What made O'Grady and Allen successful during their respective spells as Cork hurling manager, Carey mused? "I've only just begun this area of research and will, I suspect, never really stop digging.
Especially as long as there are others who have so much to offer and as long as I have so much to learn."
BELIEVE IT OR NOT BUT HENDRIX WAS A HURLER
Kudos to the Omagh firm Squareball, who've launched a line of fashionable GAA sportswear that includes hoodies, zip-up jackets and t-shirts, the latter bearing slogans such as "Take your points and the goals will come" and "Hill 16".

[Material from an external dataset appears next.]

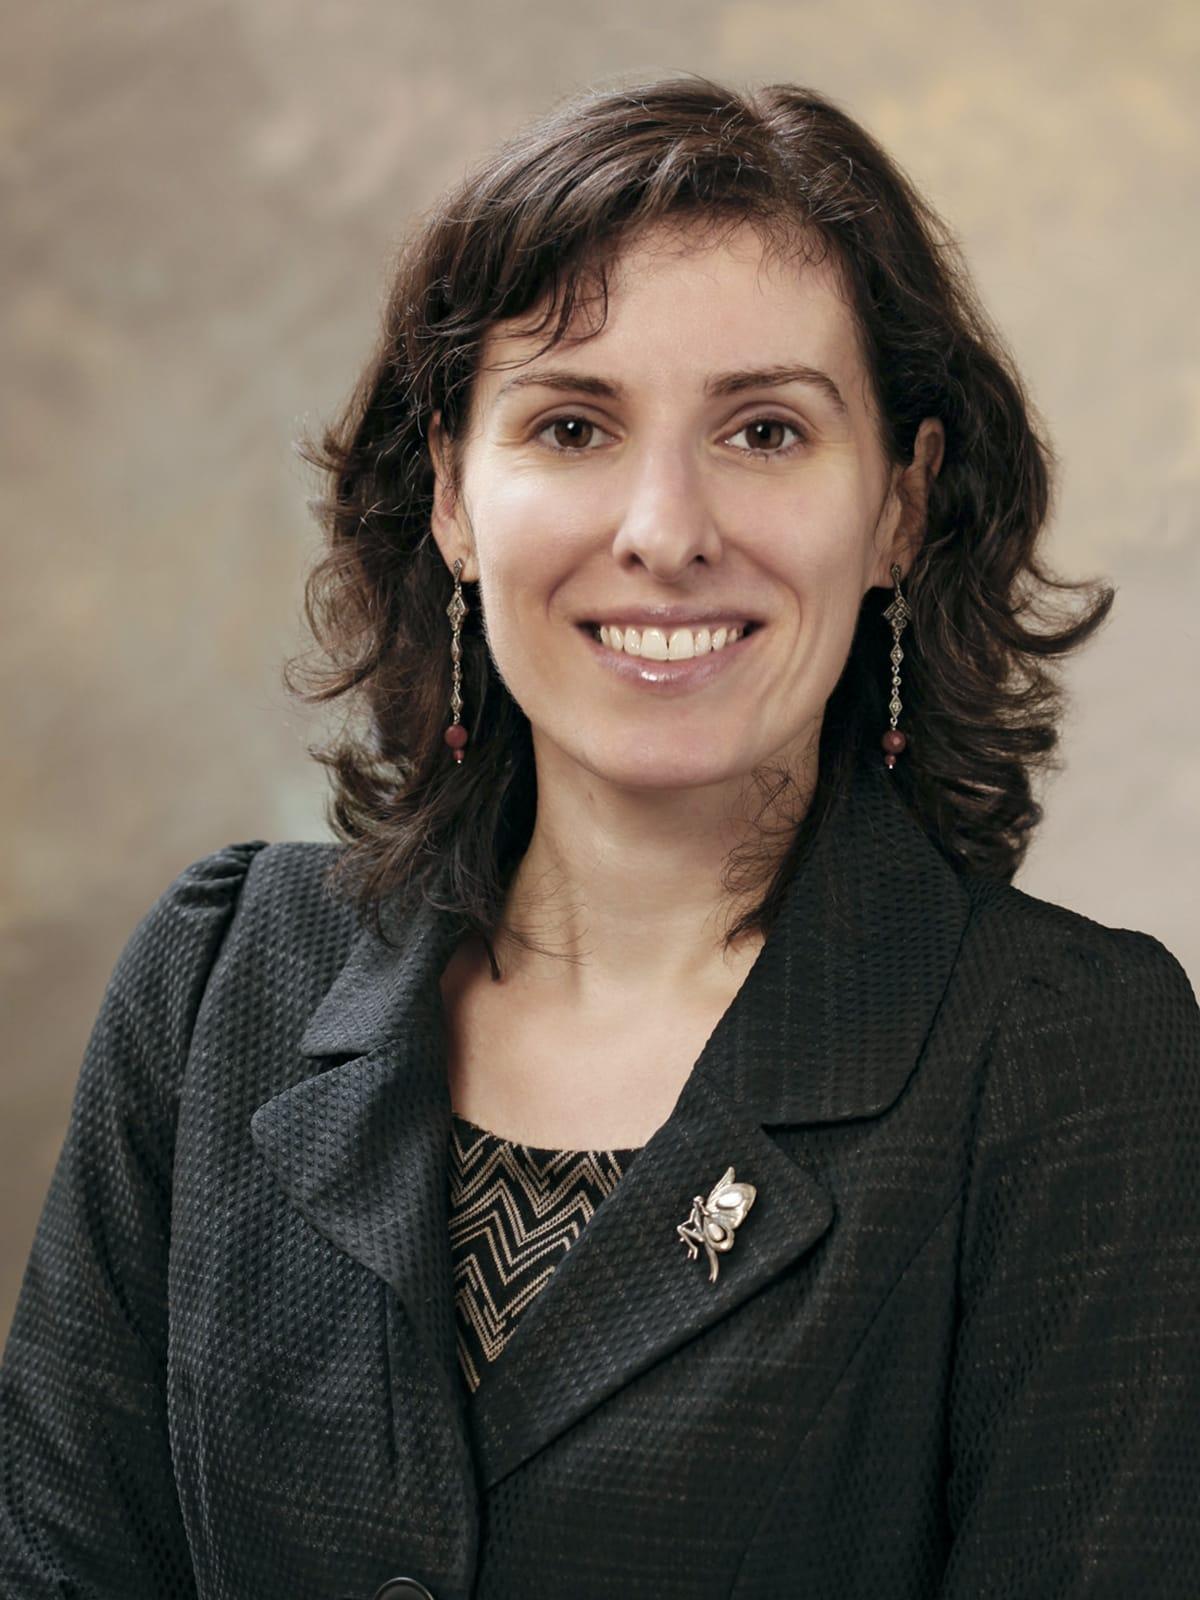 Joanna Gibson

(Sideline Cuts is wearing a fetching cloud-blue cotton number inscribed "Hendrix was a hurler", complete with an illustration of the great man with hurley in hand, as he types. ) Great concept. Full details on www. squareball. com.
CANNING FOLLOWS BASKETBALL'S BEST
Curious one at the Adidas hurling launch the other day. You had the usual suspects . . . from Cork, Sean Og and Ben and Jerry; from Kilkenny, JJ and Tommy Walsh;
from Tipp, Eoin Kelly; and from Waterford, Ken. But there was no one from Clare, or Limerick, or Wexford. And the one from Galway? Joe Canning, who, as he made no secret of, hasn't even played senior for the county yet.
What does that say? Well, for one, it says everything about where Clare, Limerick, Wexford and Galway are right now and it also says a lot about how the sportswear giants feel about Canning's potential.
This, afterall, is an organisation that was trumped by Nike, who signed Michael Jordan before he entered the NBA and who were paying LeBron James to wear their gear before he was 16.
The future isn't quick coming along . . . and repaying the foresight of its sponsors. Last Thursday, 22-year-old James scored the Cleveland Cavalier's last 25 points, including a buzzer-beating lay-up, to give them a 109-107 win over the Detroit Pistons and go within one game of qualifying for the NBA finals. Already they're calling his 48-points display one of the greatest in the sport's history. As good as Jordan's best, even.
Now, who, in a few years time, could do something similar in hurling?
Mind you, Jordan, LeBron. No pressure, Joe.